Из дневника генерал-оберста Гальдера, начальника ОКХ

22 августа 1941 года. 62-й день войны.

Совещание с генерал-полковником Гудерианом. Вчера вечером Гудериан по моему представлению был у фюрера. Гудериан во время совещания в штабе группы армий «Центр» заявлял, что 24-й моторизованный корпус невозможно бросить в наступление на юг через Стародуб из-за:

1) совершенно непригодного состояния дорог, которое не позволяет подвозить горючее, а также

2) из-за состояния самих войск, которые не могут участвовать в наступлении без предварительного отдыха и пополнения.

Но сегодня утром, под влиянием настоятельного требования фюрера как можно скорее начать наступление в южном направлении, он заявил, что 24-й моторизованный корпус все-таки сможет наступать через Стародуб на юг. Это говорит о том, что Гудериан отказался от своего прежнего мнения. На это я ему заявил, что я, напротив, не разделяю его столь внезапного поворота мыслей. Гудериан мне ответил, что его вчерашнее мнение проистекало из убеждения, что ОКХ санкционирует его предложение о нежелательности проведения операции в южном направлении. Во время же посещения фюрера он убедился в том, что он должен согласиться с проведением операций на юге и что его долг состоит в том, чтобы сделать невозможное возможным и реализовать эту идею.

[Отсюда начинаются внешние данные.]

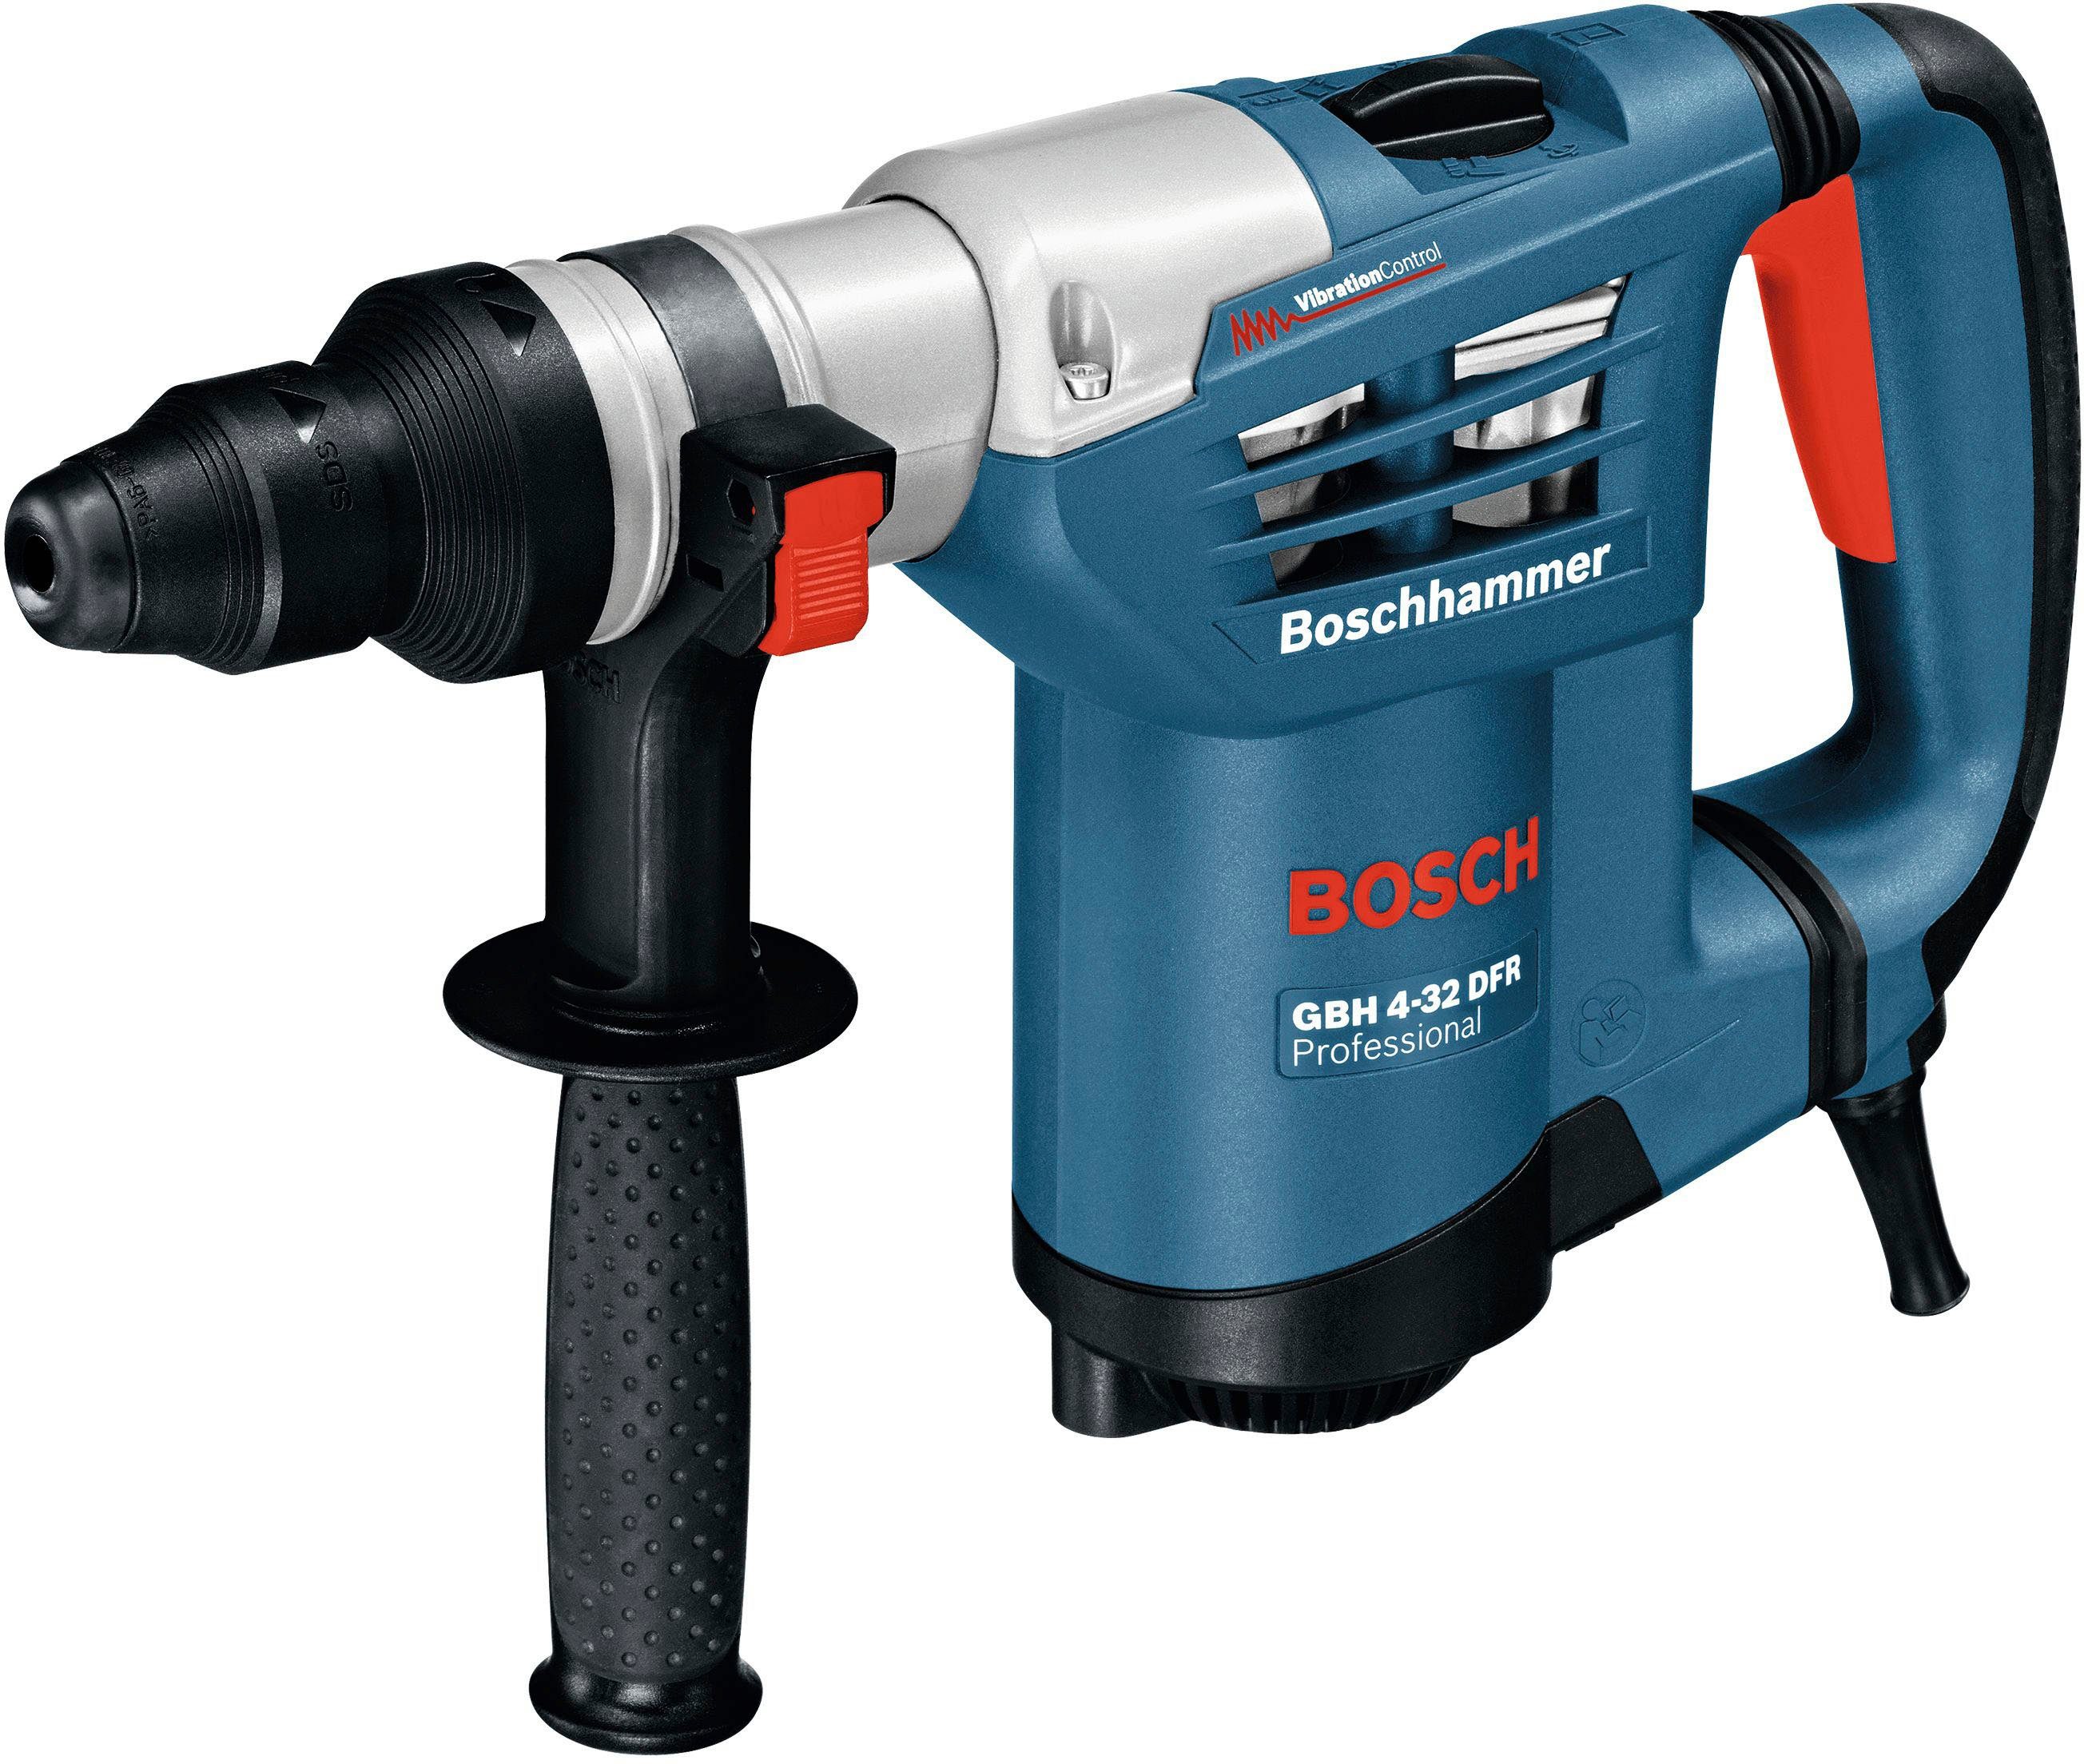 Bosch U/min, max. (Set) DFR, GBH Professional Bohrhammer 4-32 780

Этот разговор с потрясающей ясностью показывает, с какой безответственностью составляются официальные донесения и доклады. Поэтому главком отдает исключительно строгий приказ в отношении составления официальных донесений. Вряд ли что из этого выйдет, так как характера приказами не изменишь.

Обстановка на фронте:

Группа армий «Юг»: Наши части ведут очень тяжелые бои у Днепропетровска. Противник бросает в бой все имеющиеся под рукой и вновь сформированные части, так что наши танковые соединения, которые одни ведут бои в этом районе, могут продвигаться вперед лишь очень медленно. На других участках успех также незначительный. Вероятно, перенаправление части сил группы армий «Центр» сможет переломить ситуацию на этом направлении.

Бои продолжаются и у Ржищева (южнее Киева). На этом участке противник форсировал реку. Наступление 6-й армии развивается стремительно. 11-я танковая дивизия овладела мостом через Днепр у Горностайполя (командир дивизии был тяжело ранен в этом бою) и прорвалась на восток до переправы через Десну у Остера. Эта переправа русскими была подожжена. Остальные мосты разрушены позже русской авиацией.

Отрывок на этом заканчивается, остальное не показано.